Cross-Site Scripting (XSS) medium risk

[lalit774]

Describe the bug

The koa package is vulnerable to Cross-Site Scripting (XSS). The redirect function in response.js outputs an HTML hyperlink of the supplied URL in the body of the redirect response without sanitizing the URL. An attacker can exploit this by inputting a JavaScript URL that would then be executed.
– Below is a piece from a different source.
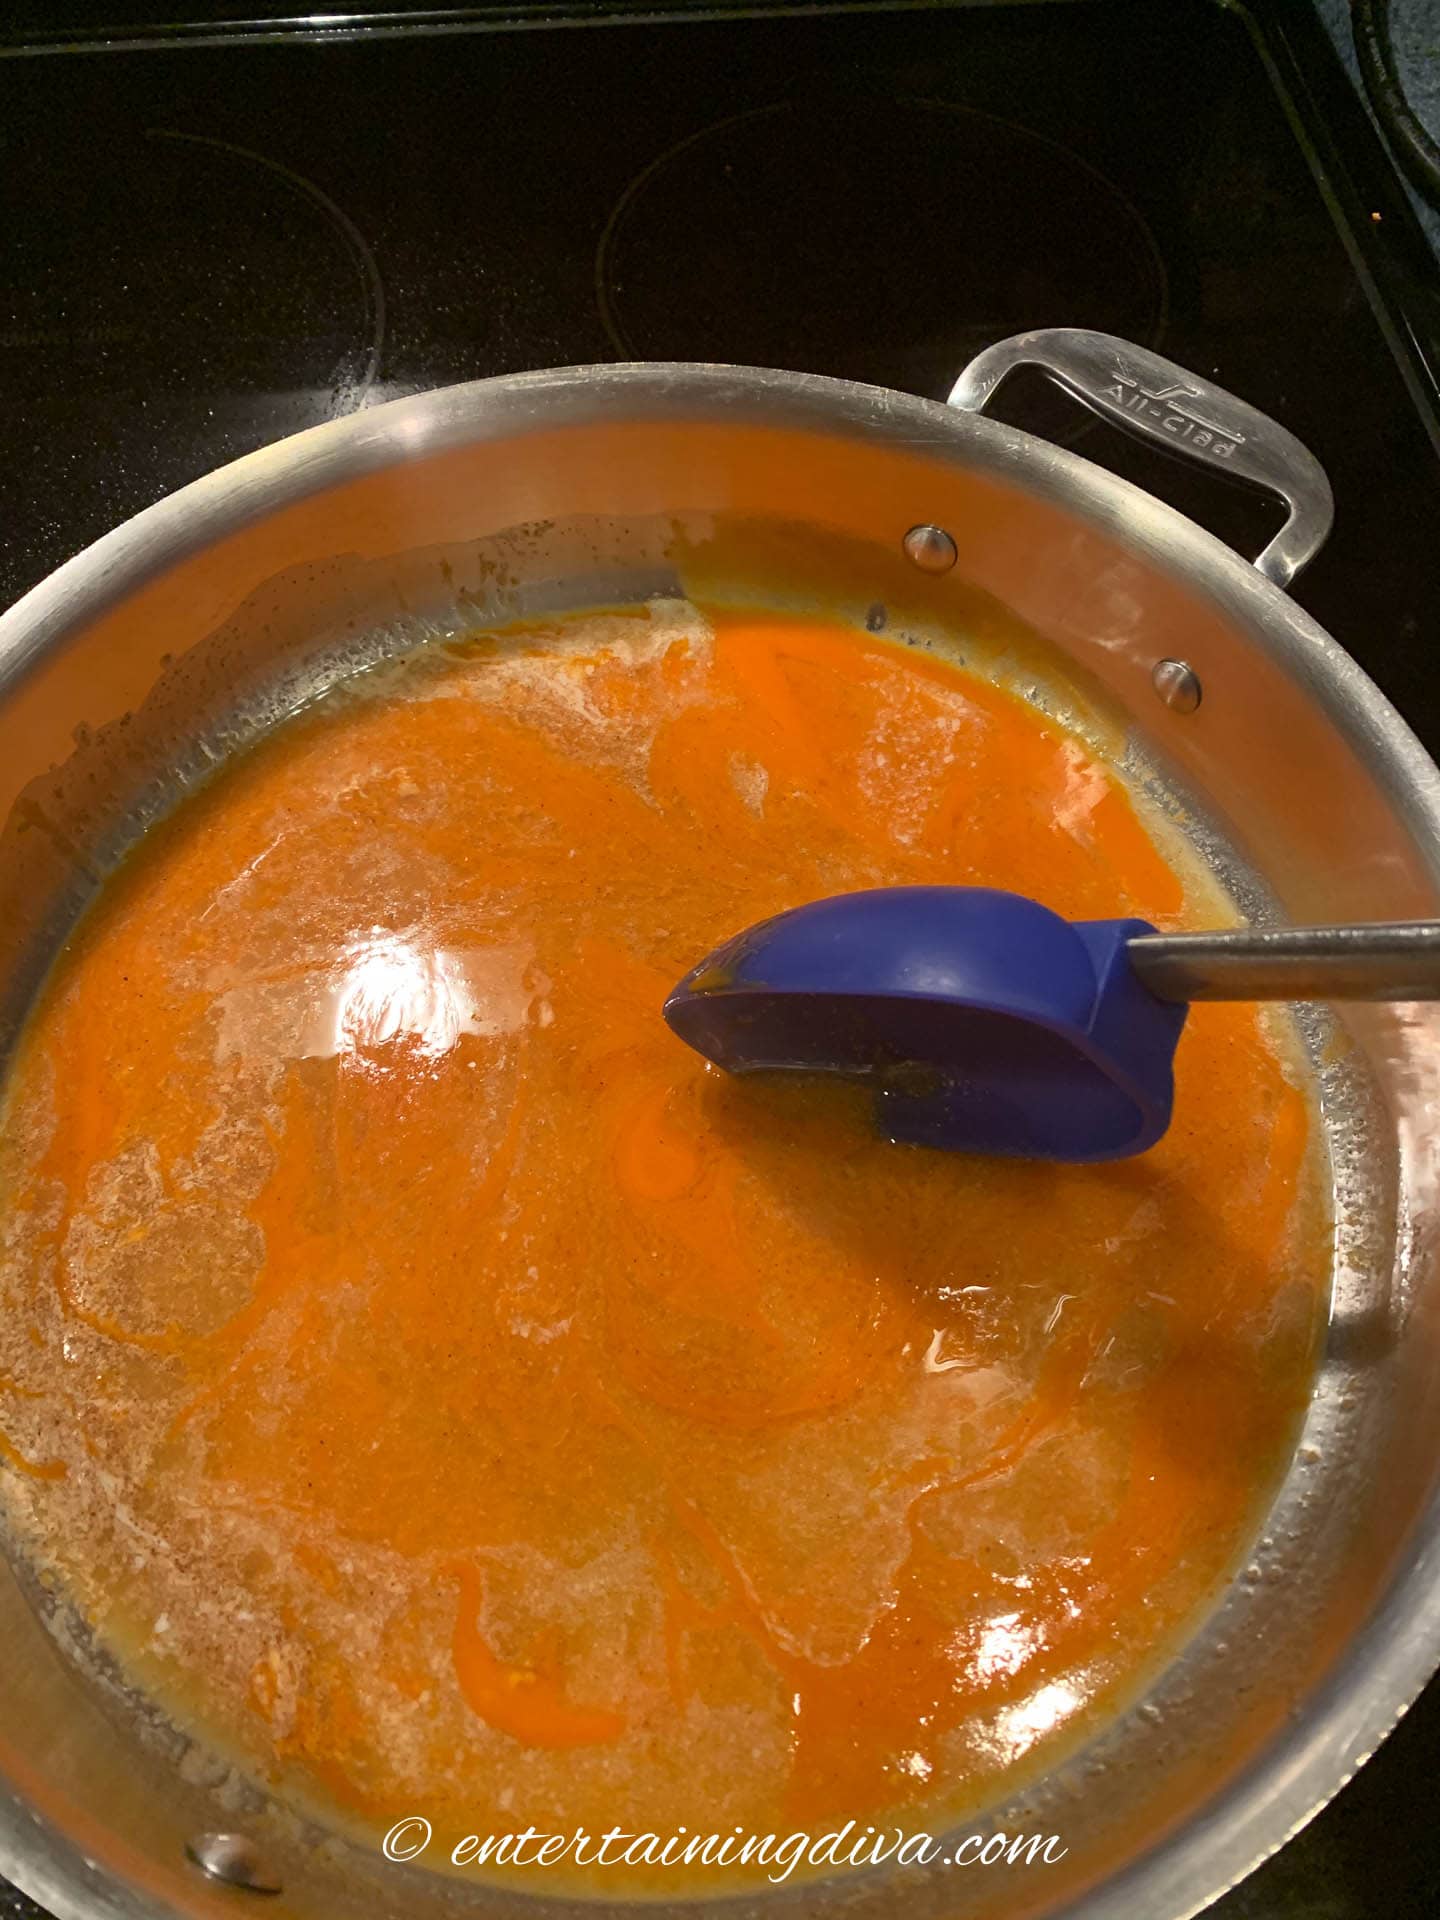 Buffalo sauce being mixed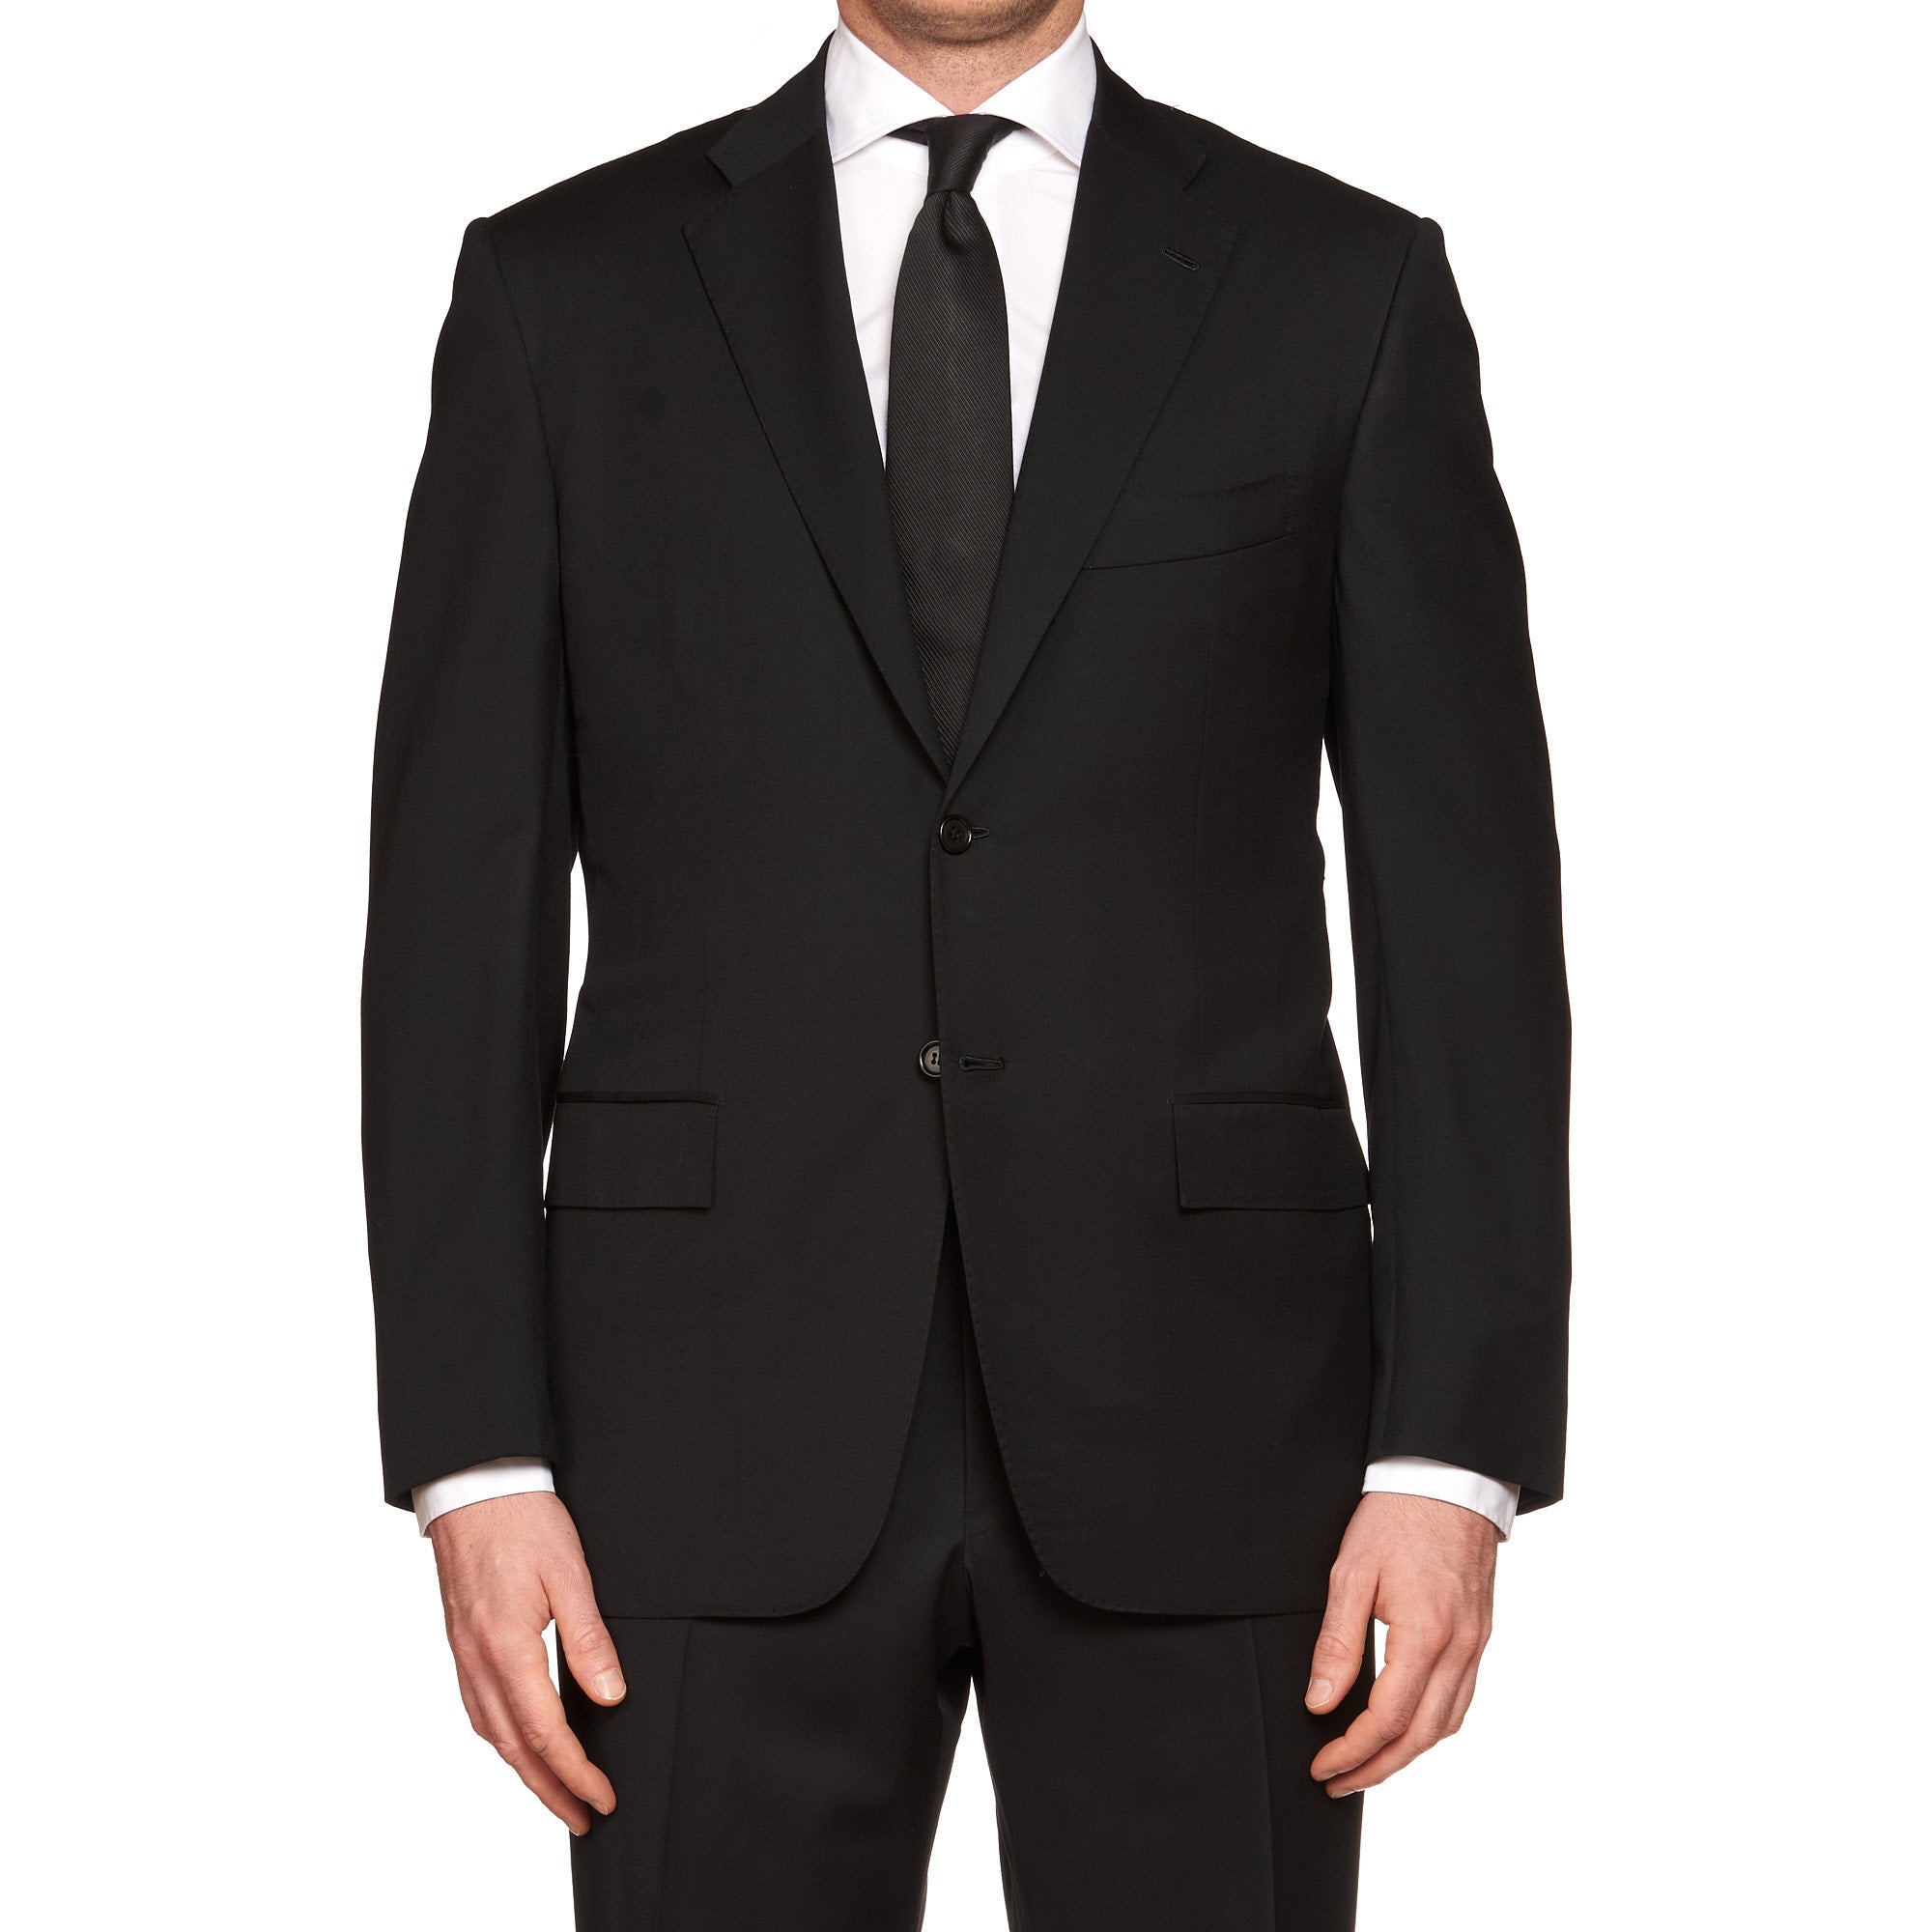 KITON Napoli for VANNUCCI Handmade Black Wool Elegant Suit EU 54 NEW US 44 Regular Fit KITON

The application is vulnerable by using this component and passing unvalidated input to the redirect() method. Additionally, the vulnerability can only be exploited if a user is running an older browser.

Root Cause
koa-2.15.3.tgzpackage/lib/response.js[0.0.2, )

#1250
#1289

[laverdet]

This user is spamming GPT CVE's.

[lalit774]

@laverdet

it is not only chat gpt. We see all those issue in nexus scan. For you it might not be the problem. It easy for you to blame people for reporting. I am not working on all open source plugins. We are using a sub dependency. If you have any big problems. Or it does not make sense. Please ignore it. I did not send this message for you.

[laverdet]

I did not send this message for you.

You literally did, when you opened #516 in my repository and others. I mean this in the kindest way possible: this behavior isn't acceptable on GitHub.

[lalit774]

Ok. It is open source. Any one can put their opinion. If you don’t agree. That’s fine. You should nice with other people.